### Action item
In the data below, find the line containing "neverfull_louis_vuitton_tarasessence_fashion_blogger"; transcribe it and each line after it exactly, through the last, skipping pictures.

___ Dataset content

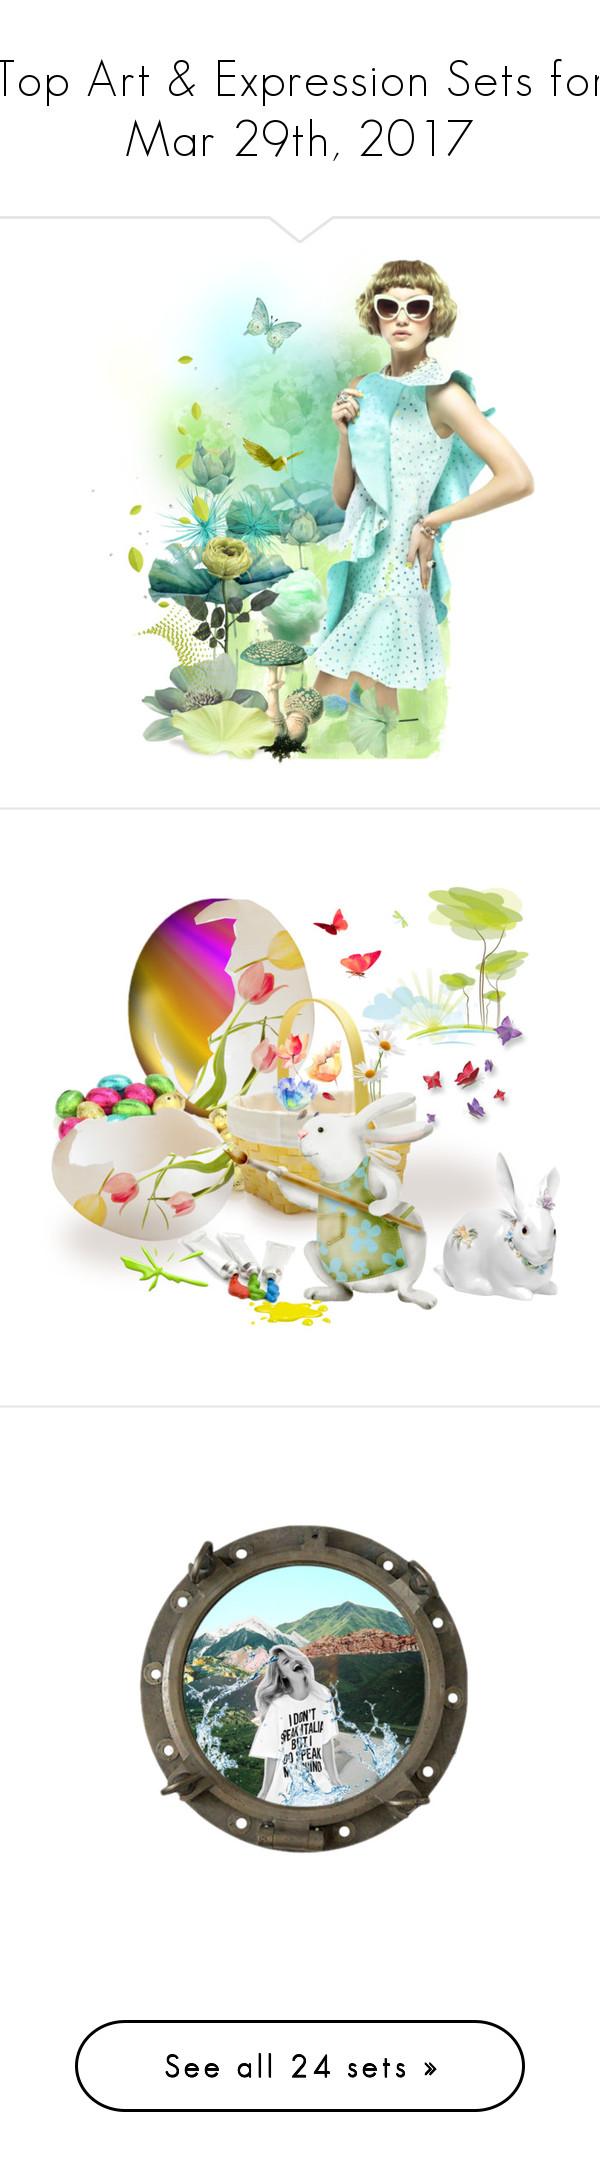 """Top Art & Expression Sets for Mar 29th, 2017"" by polyvore ❤ liked on Polyvore featuring art, polyvorecommunity, polyvoreeditorial, Easter, artset, egg, mennasartsets, noors4khunt, Rosalind and artflashmob"
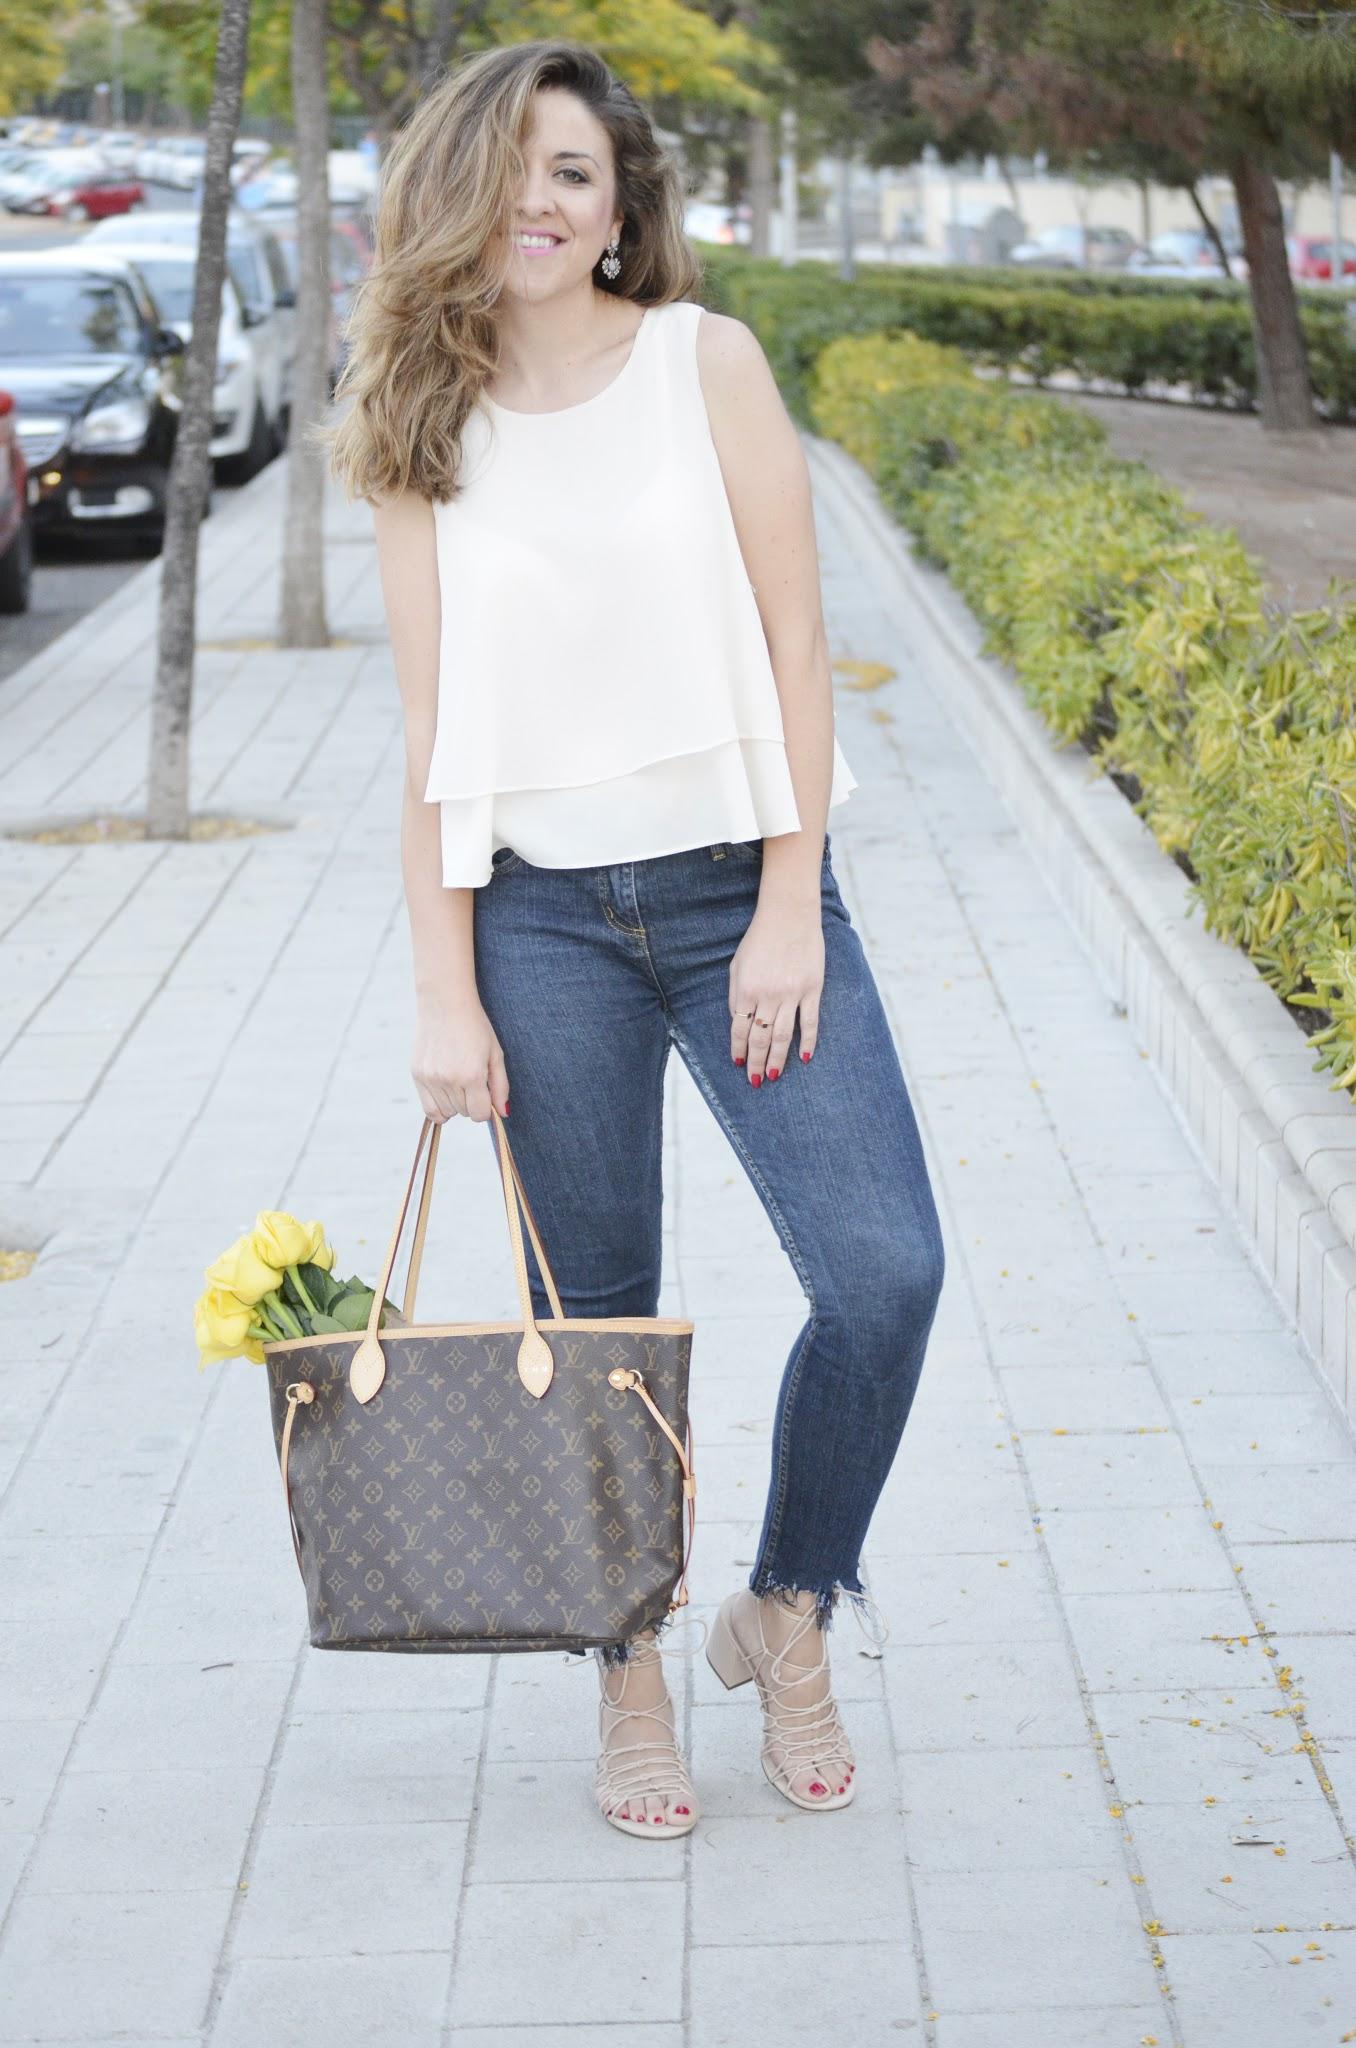 neverfull_louis_vuitton_tarasessence_fashion_blogger
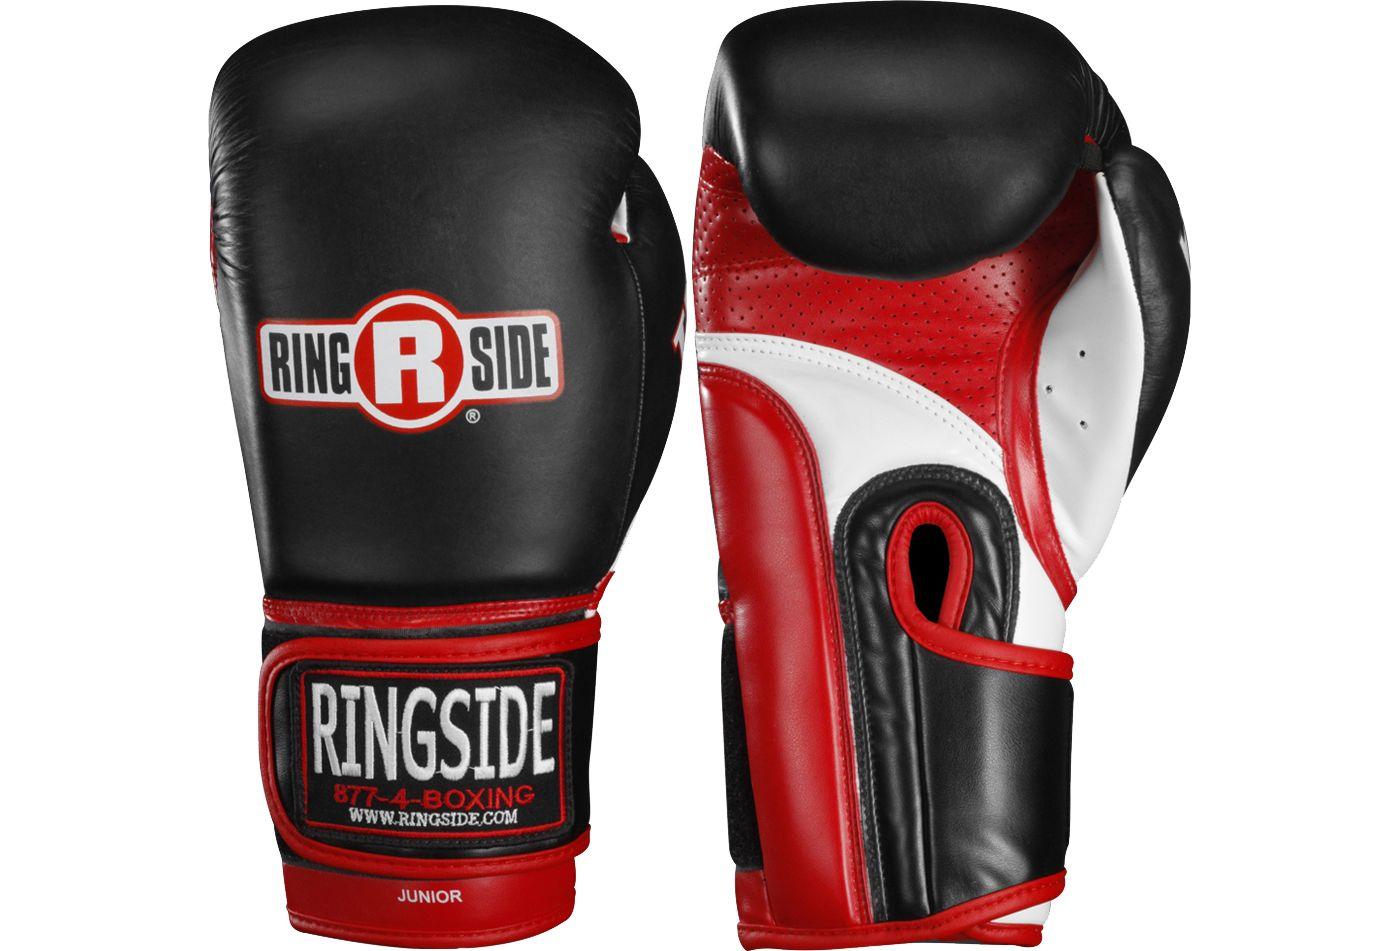 Ringside IMF Super Bag Gloves

______

### Task result
 neverfull_louis_vuitton_tarasessence_fashion_blogger
 Ringside IMF Super Bag Gloves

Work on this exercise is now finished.